Emulating the Minnesota Historical Society Press, which seven years ago implemented an ambitious new business model emphasizing personal narratives with universal themes, Kathy Borkowski, director of the Wisconsin Historical Society Press, has taken the 152-year-old press in new directions in the past three years. While not getting the same dramatic 280% jump in sales as MHS Press, which has released bestselling memoirs like Packinghouse Daughter by Cheri Register and Baghdad Express by Joel Turnipseed, WHS Press's new business model has already affected its bottom line. Under Borkowski's tenure (she came aboard in 2004), sales have increased 50% in the past four years, from $210,000 in fiscal year 2004 to an anticipated $310,000 in fiscal year 2008. Meanwhile, the press's annual output remains steady—about 10 titles a year.

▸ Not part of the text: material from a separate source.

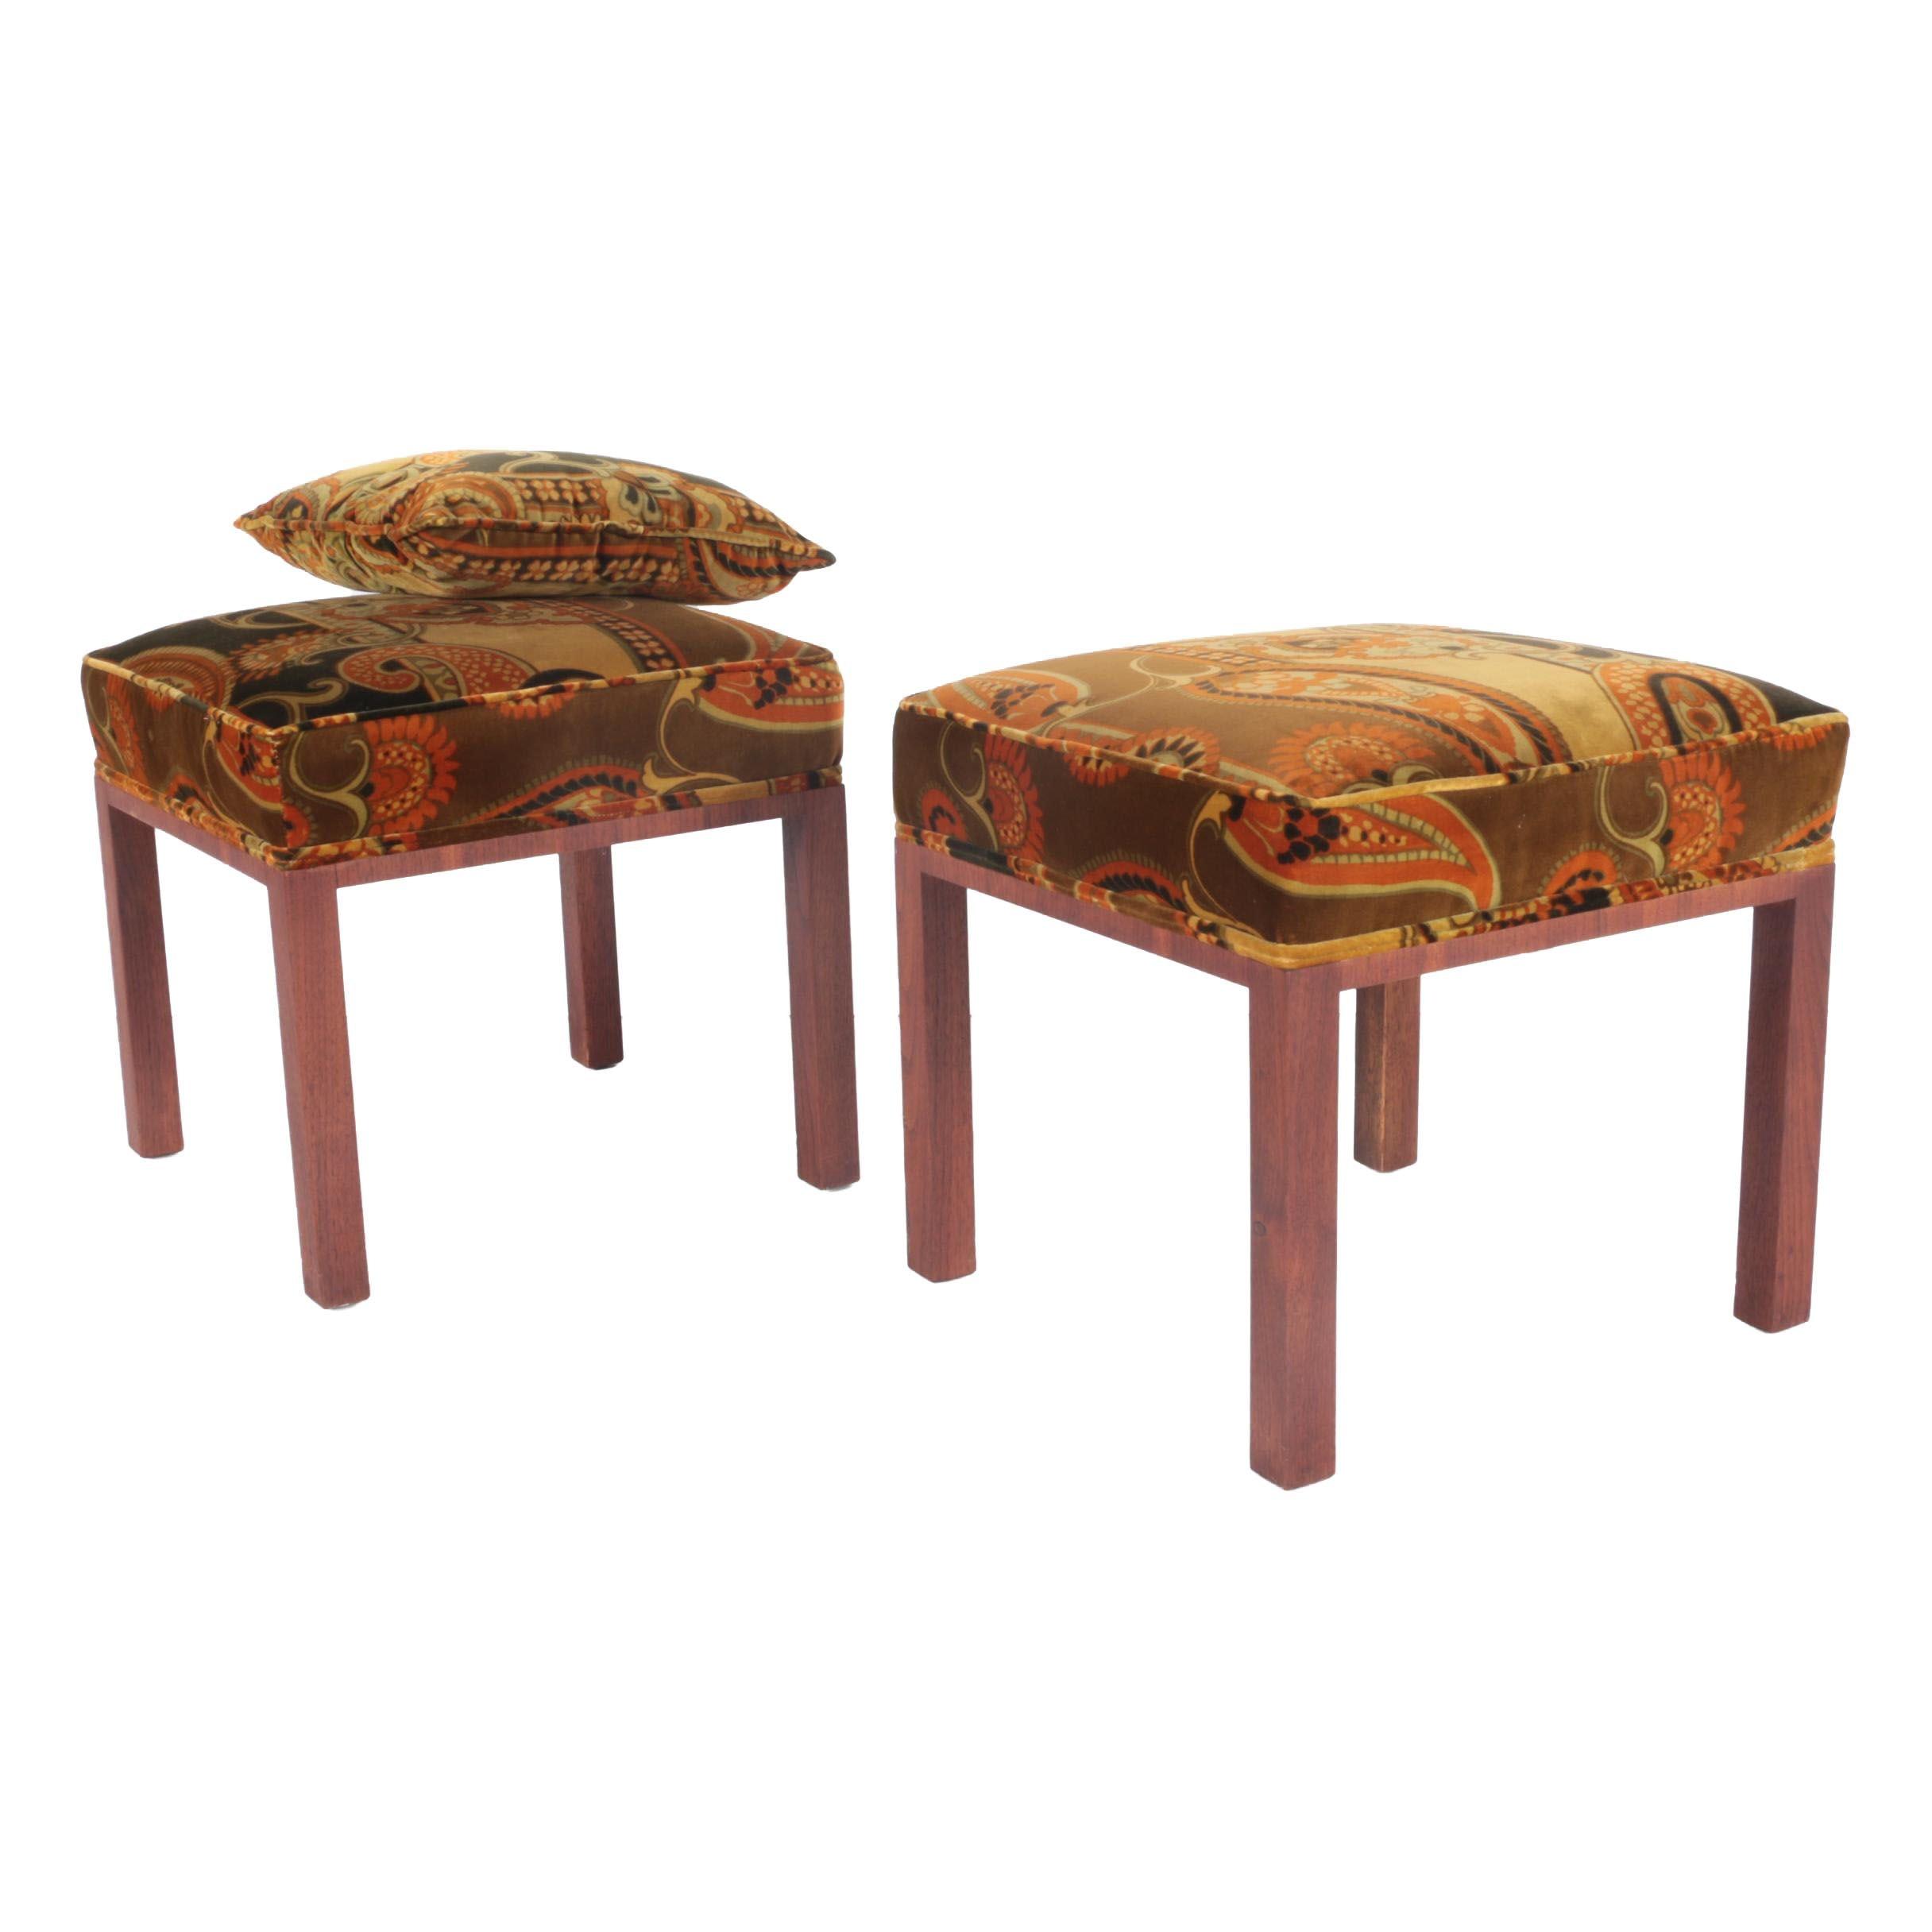 Danish Mid-Century Upholstered Stool Pair by RYA
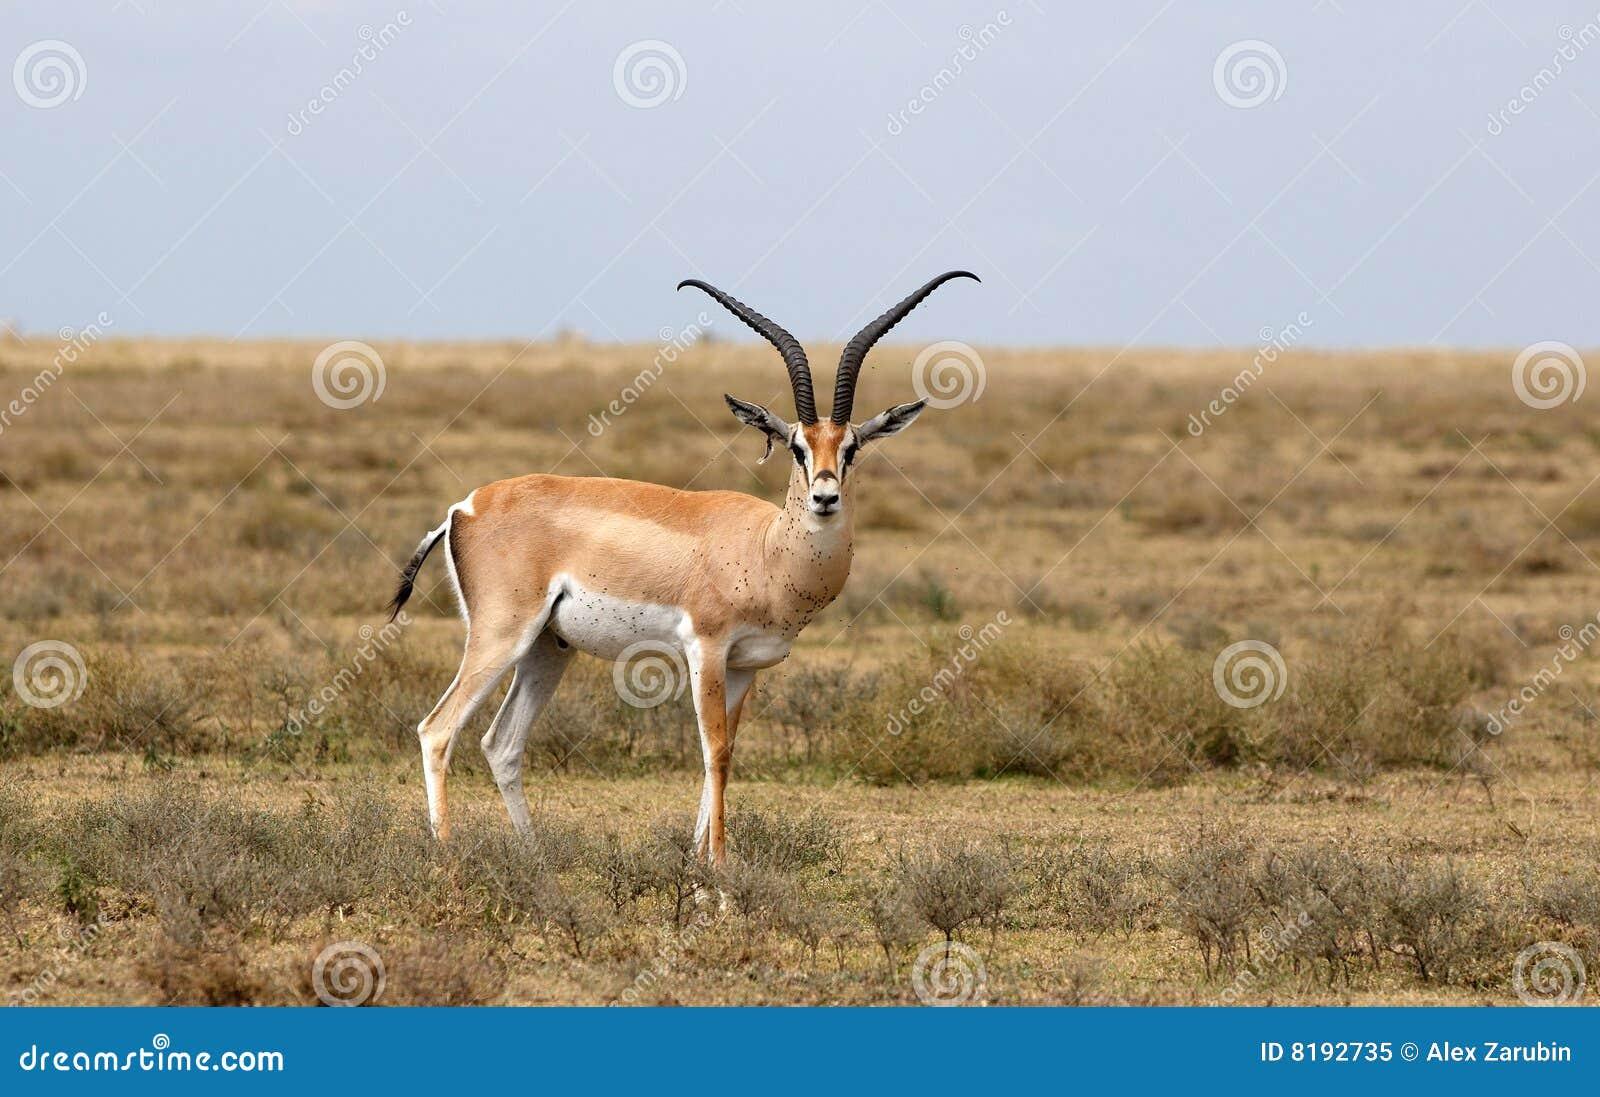 Impala - Antilope Afri...

“We're trying to make our books work a little harder and reach a broader audience,” Borkowski explained. “That's where the increase in sales is coming from.”

Instead of publishing the antiquarian books and academic monographs on important people and events in Wisconsin's past, Borkowski has brought out personal narratives of ordinary Wisconsinites in extraordinary circumstances, beginning with the fall 2005 release, Third Down and a War to Go: The 1942 All-American Wisconsin Badgers by Terry Frei.

This account of the phenomenal season of the University of Wisconsin's football team before Pearl Harbor, and its players' subsequent actions fighting in World War II, sold 7,000 copies in hardcover. The book was reviewed in consumer media nationwide, including the San Francisco Chronicle and New York Post. A revised edition of Third Down, with a new foreword by Pulitzer Prize—winning journalist David Maraniss (author of a bestselling bio of Vince Lombardi), was released in paper this past summer.

“Everything starts with Wisconsin,” Borkowski said. “We've really turned our attention to things that will be of interest to the average person with an interest in their state's heritage. But we have some things we feel go beyond Wisconsin for a national audience.”

The press has continued to focus on personal narratives with universal themes by releasing such books as Voices from Viet Nam and Women Remember the War, 1941—1945.

This past fall, WHS Press expanded beyond first-person accounts of past events by releasing Private Soldiers: A Year in Iraq with a Wisconsin National Guard Unit by Benjamin Buchholz, an illustrated chronicle of the unit's deployment, with interviews of American soldiers as well as Iraqi nationals.

“This takes us in a new direction,” Borkowski said. “This is history in the making, history happening right now. To do something so current reaches a new audience for us.”

Since its late September release, Private Soldiers has sold 2,800 copies of a 5,000-copy first print run.

Besides publishing the personal accounts of Wisconsinites in wartime, WHS Press intends to focus on them engaged in agriculture and in sports, two pursuits very important to residents of a state that not only produces much of this nation's dairy products but is home to the resurgent Green Bay Packers. WHS Press will release Old Farm by Jerry Apps in 2008 and a history of the Milwaukee Braves in 2009. A new series, Places Along the Way, is also planned, with the first title in the series, Fill 'Er Up: The Glory Days of Wisconsin Gas Stations by Jim Draeger and Mark Speltz, scheduled for release in 2008.

“This series illustrates how we display our heritage through the places we build,” Borkowski explained. Future titles will include volumes on opera houses, movie theaters, breweries and barns throughout the state. Wisconsin Public Television is producing documentaries in conjunction with the volumes in the series.

While publishing trade titles for a broader market has pumped up sales at WHS Press, the switch two years ago from having the press's books distributed by University of Wisconsin Press to the Chicago Distribution Center at the University of Chicago has also improved sales.

“Our books were so buried in their catalogue,” Borkowski said of the eight-year distribution arrangement with University of Wisconsin Press, “it was not a good fit.”

MHS Press director Greg Britton, who has just been hired by the Getty Trust to oversee its publishing program, is confident that WHS Press is headed in the right direction.

“They have many pieces in place to make a viable regional publishing program,” Britton said. “Institutional backing, a strong collection, a region that values literacy, and its history and culture.

“Personal narratives, like, for example, Steven R. Kinsella's 900 Miles from Nowhere: Voices from the Homestead Frontier, speak to a region that's underserved by the publishing world,” Britton added, referring to a 2006 MHS release, which has sold almost 10,000 copies in hardcover.

“National publishing happens on the coasts, and regional publishing in the Midwest, with historical society presses and university presses,” he remarked. “The most exciting books are coming from those presses.”